In this lesson, we introduced you to the machine learning topic of **neural nets**. We learned about how neural nets are implemented in the real world. Neural nets are inspired by the structure of the human brain. The building blocks of neural nets are neurons, which accepts inputs and passes them through an activation function. Activation functions like sigmoids and ReLUs are functions that help us learn complex patterns in the data.
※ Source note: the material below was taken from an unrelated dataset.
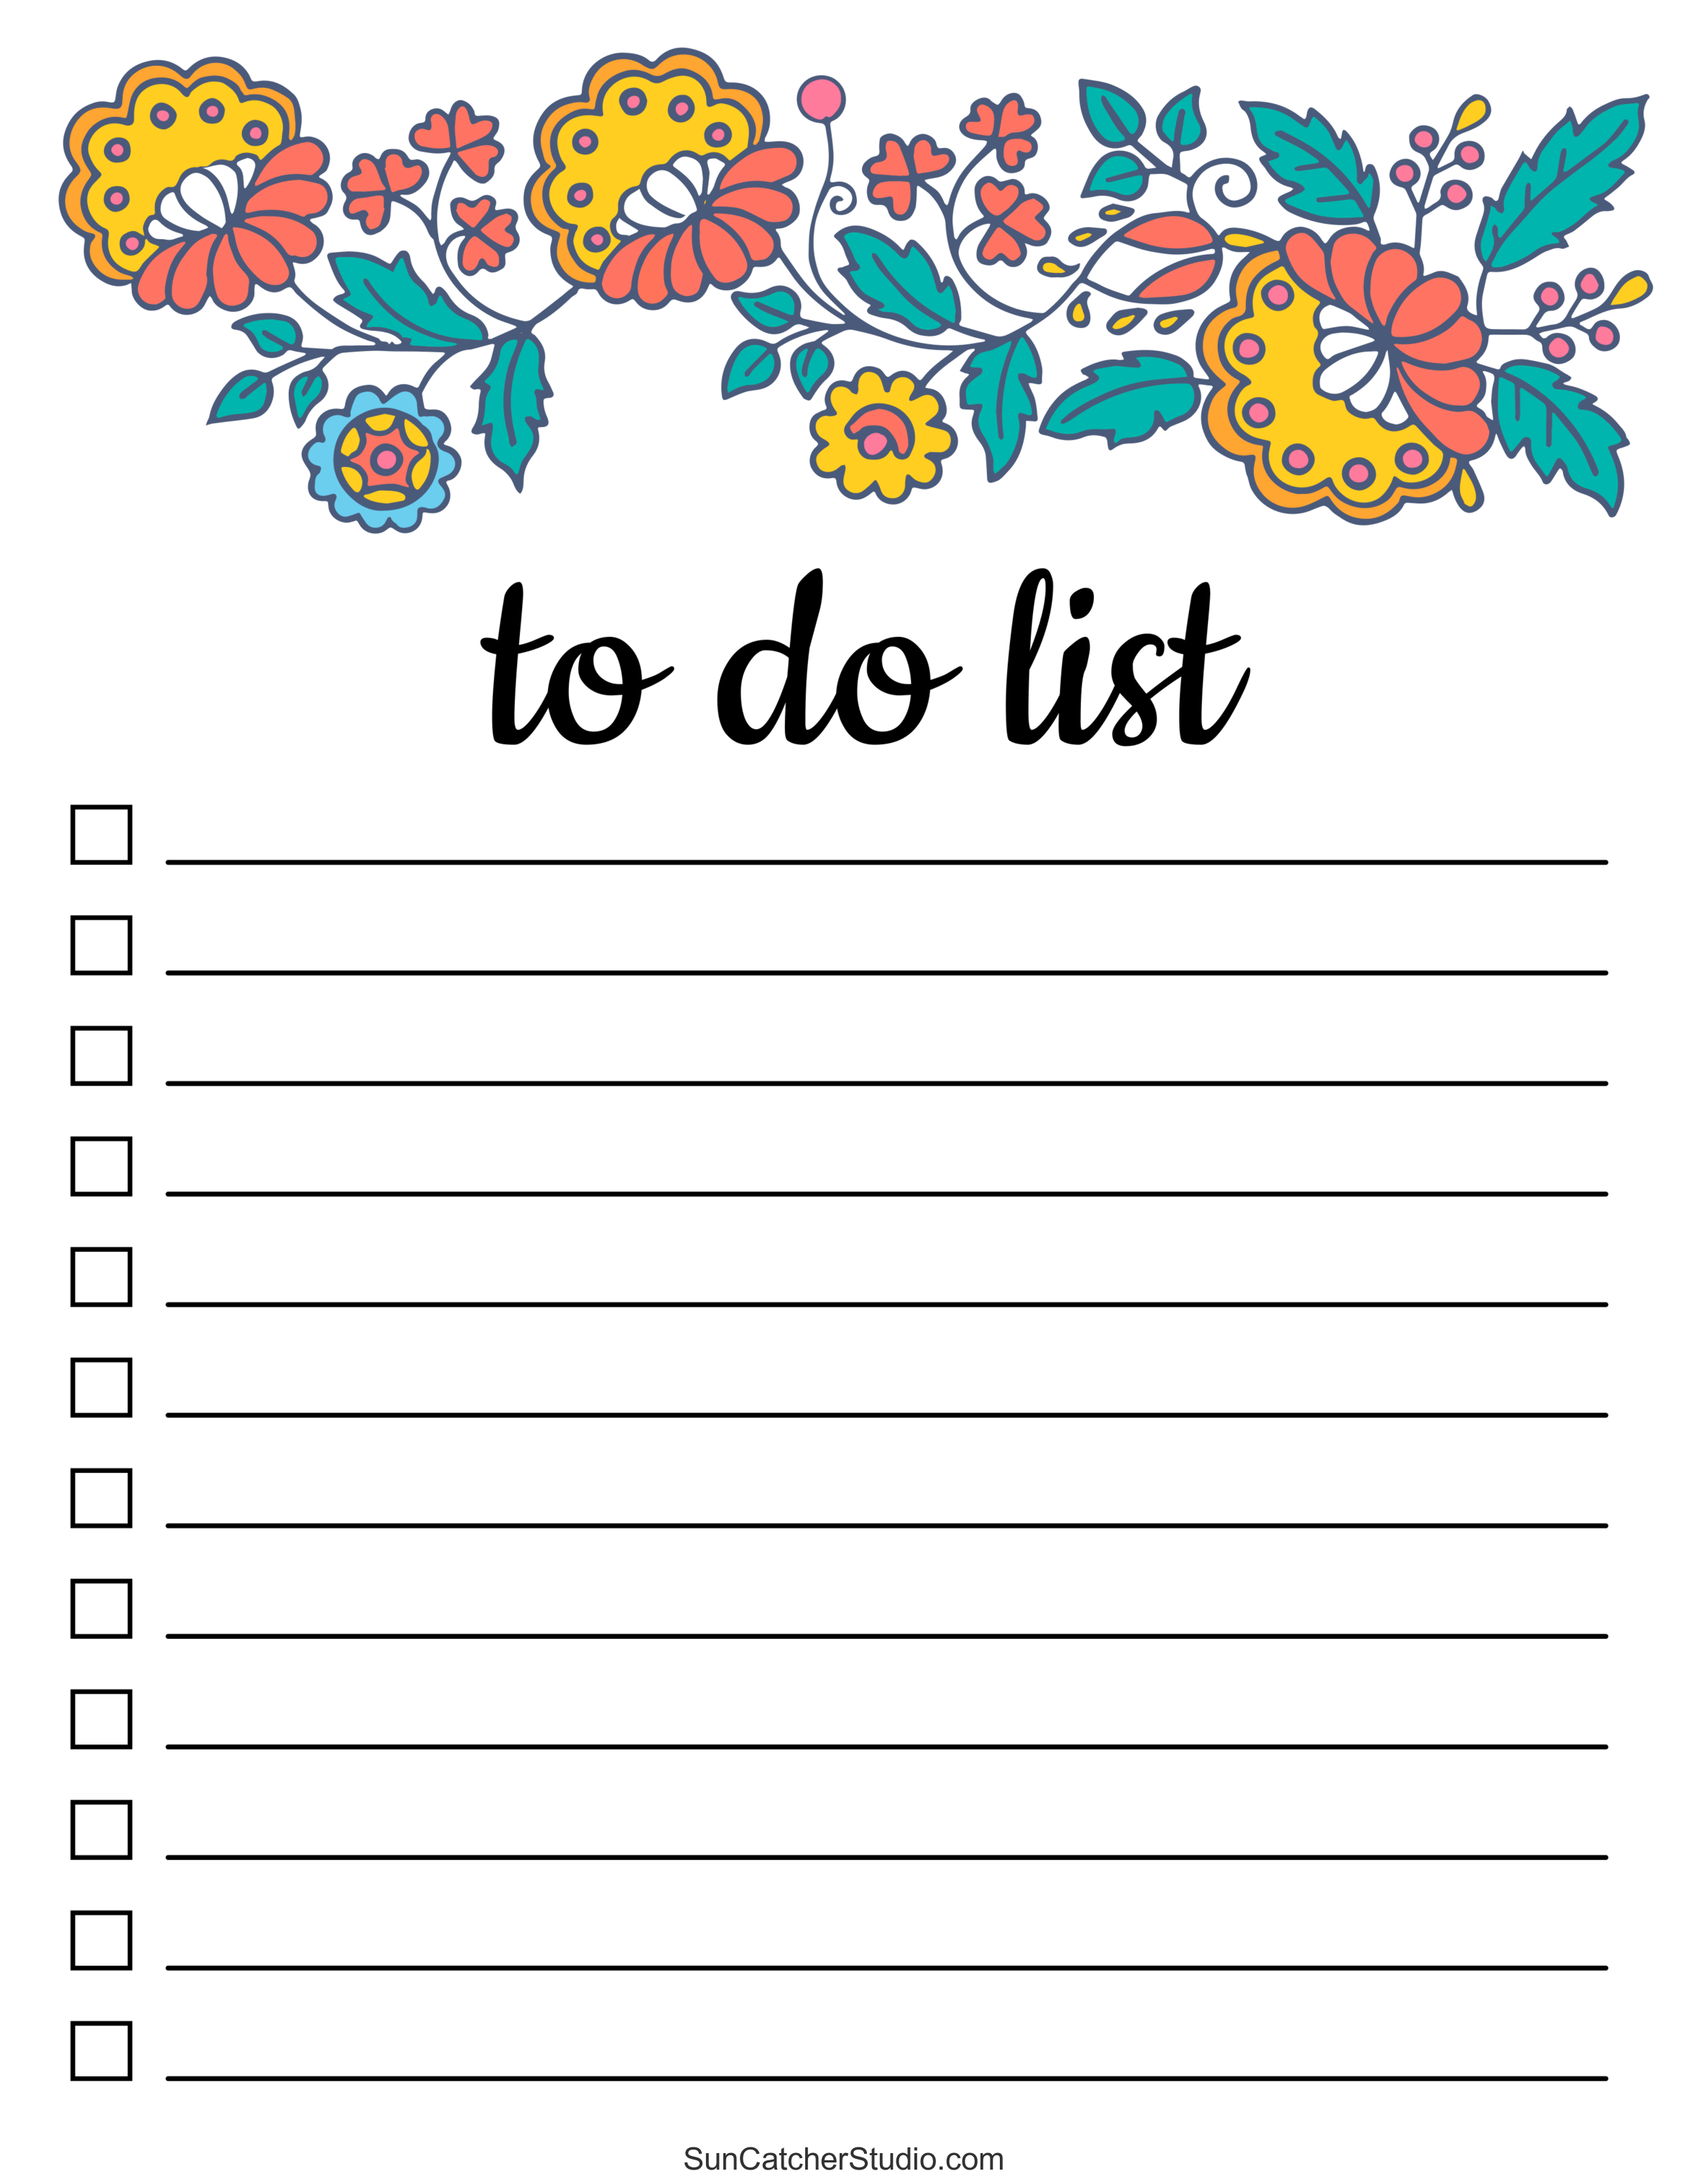 to-do-list-free-printable-pdf-templates-things-to-do-diy-projects-patterns-monograms
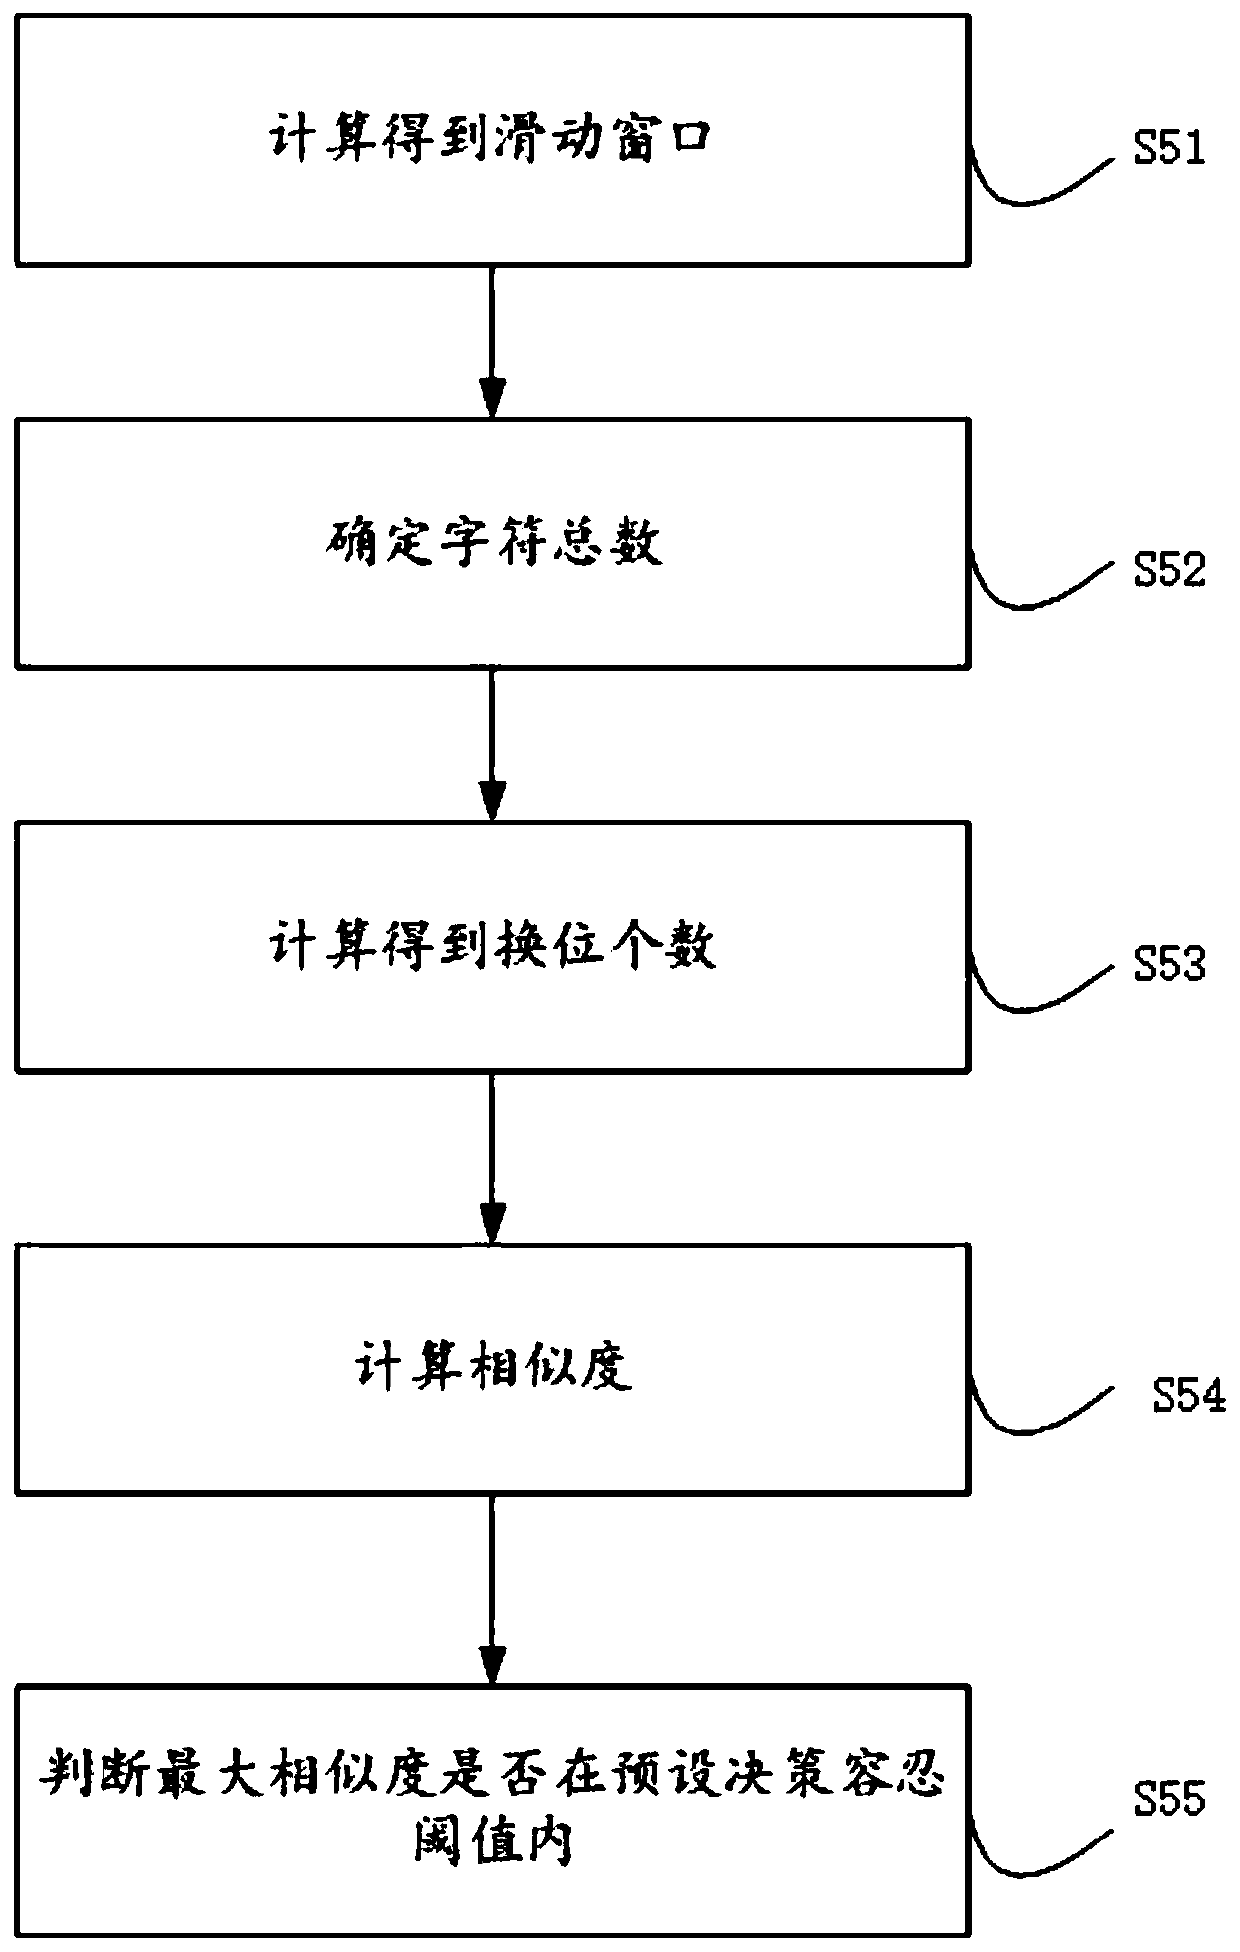 A low-voltage power distribution network district name similarity matching method and system

We also learned about single layer perceptrons, which is composed of an input layer, a neuron that multiplies the inputs by weights and performs aggregation, an activation function, and a binary output. However, they only make decisions on linearly-separable data. Multilayer perceptrons have no such limitation, since they are composed of multiiple SLPs and have non-linear activation functions. Finally, we ran through an example of a MLP being trained on the Titanic dataset to predict whether or not a particular passenger survived the accident.